A couple walks down the street holding hands, and a single person remembers she/he/they can be happy now, not only after they have this additional person, because they themselves are completely whole.
Someone gets engaged, and a single person says to themselves, “I’m so happy someone I know is happy. That’s so good to see.”
Someone gets married, and a single person is reminded that partnership is possible. “It happened to them, they’re not “better”* than me, therefore partnership can happen to me, too.”
*A key factor here is understanding that people in couples are not better than singles. They didn’t achieve some kind of magical fucking perfection that allowed them to partner. They just got luckier and met someone who liked them a lot. I explain more of this here, but for now I need to get back to the task at hand.
Happiness is not available in limited quantities only. Someone else finding happiness isn’t stealing happiness away from you. Someone else’s happiness doesn’t actually impact you at all, unless you choose to let it. Why not choose to let it impact you in a positive way? There is an infinite amount of happiness available to us all, and I guarantee you it’s not hiding inside the jealousy and lack you feel when you see a happy couple on social media or the street and can only see that as a reflection of what you don’t have, rather than as proof positive of what’s possible in life.
Needing people who have what you want to be actually unhappy in having the thing you want is a very low vibe kind of energy. It’s the energy of jealousy, of limited thinking, of pessimism, and also it’s just really mean. Singles don’t deserve to live in a world where all they’re thinking in their minds when they see couples is either “I’m so jealous” or “I hope they’re miserable.” Honestly, is that how you want to live? I don’t say these things out of harshness, I lived in this negative space for a good decade or so. I’m just here to tell you there’s a much better way to go about living and seeing other people exist in happiness without letting it crush your emotions into dust.
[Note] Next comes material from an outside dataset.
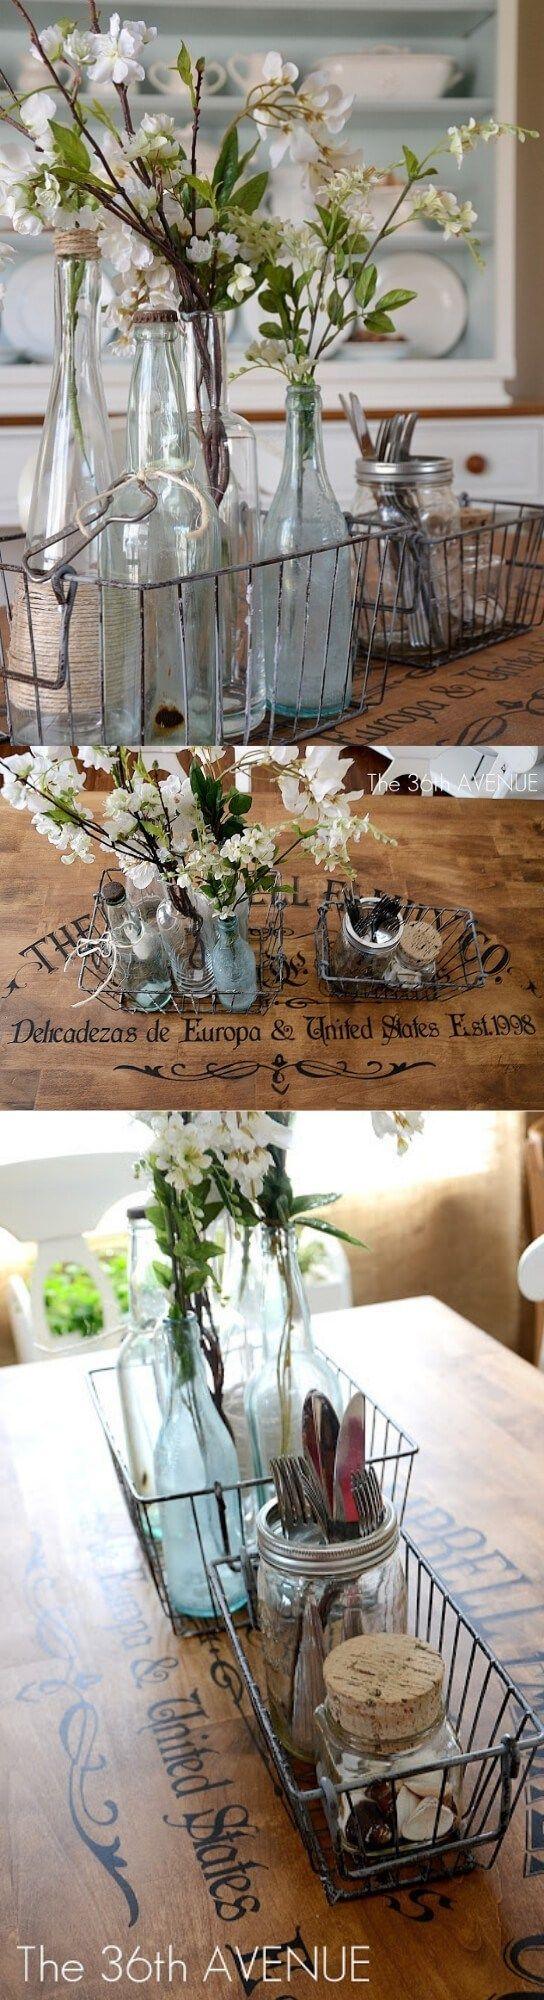 28 Simple Dining Room Ideas For A Stunning Inspiration: 28+ Stunning Farmhouse Dining Room Decor & Design Ideas

If the only way you can feel happily single is by seeing couplehood misery, that’s a problem. One with a very simple solution.
I have a homework assignment for you. The next time you see a couple, either on social media or in real life, I want you to think one thought inside your head, and one thought only: “I’m happy for them.” That’s it. That’s the thought. Practice it. It might feel awkward at first, but just allow a different narrative to enter your mind, and see how it makes you feel. See if there’s a little bit of lightness, a little weight lifted off of you, since you’re no longer burdening yourself with jealousy and lack. Thinking shitty thoughts about other people will always require and suck up more energy than just being happy for them. Remind yourself that you’re allowed to just be happy for them, nothing more complicated than that. It’s easier, and I want you to see how it feels.
We don’t need couples to be miserable in order to be happy as singles. Please understand that this has to be true, otherwise why would we want to be in a couple at all? Being jealous of happy people is exhausting, and counterintuitive. You don’t have to be jealous or angry or sad when you see couples. That doesn’t have to happen. You can choose a new way to think about what others have that you want. I hope you choose to see people partnering, loving each other, and simply living life together as reminders of what’s possible for everyone. Freeing yourself of jealousy is a gift, and it’s one that I hope you give yourself starting right now. Tis the season.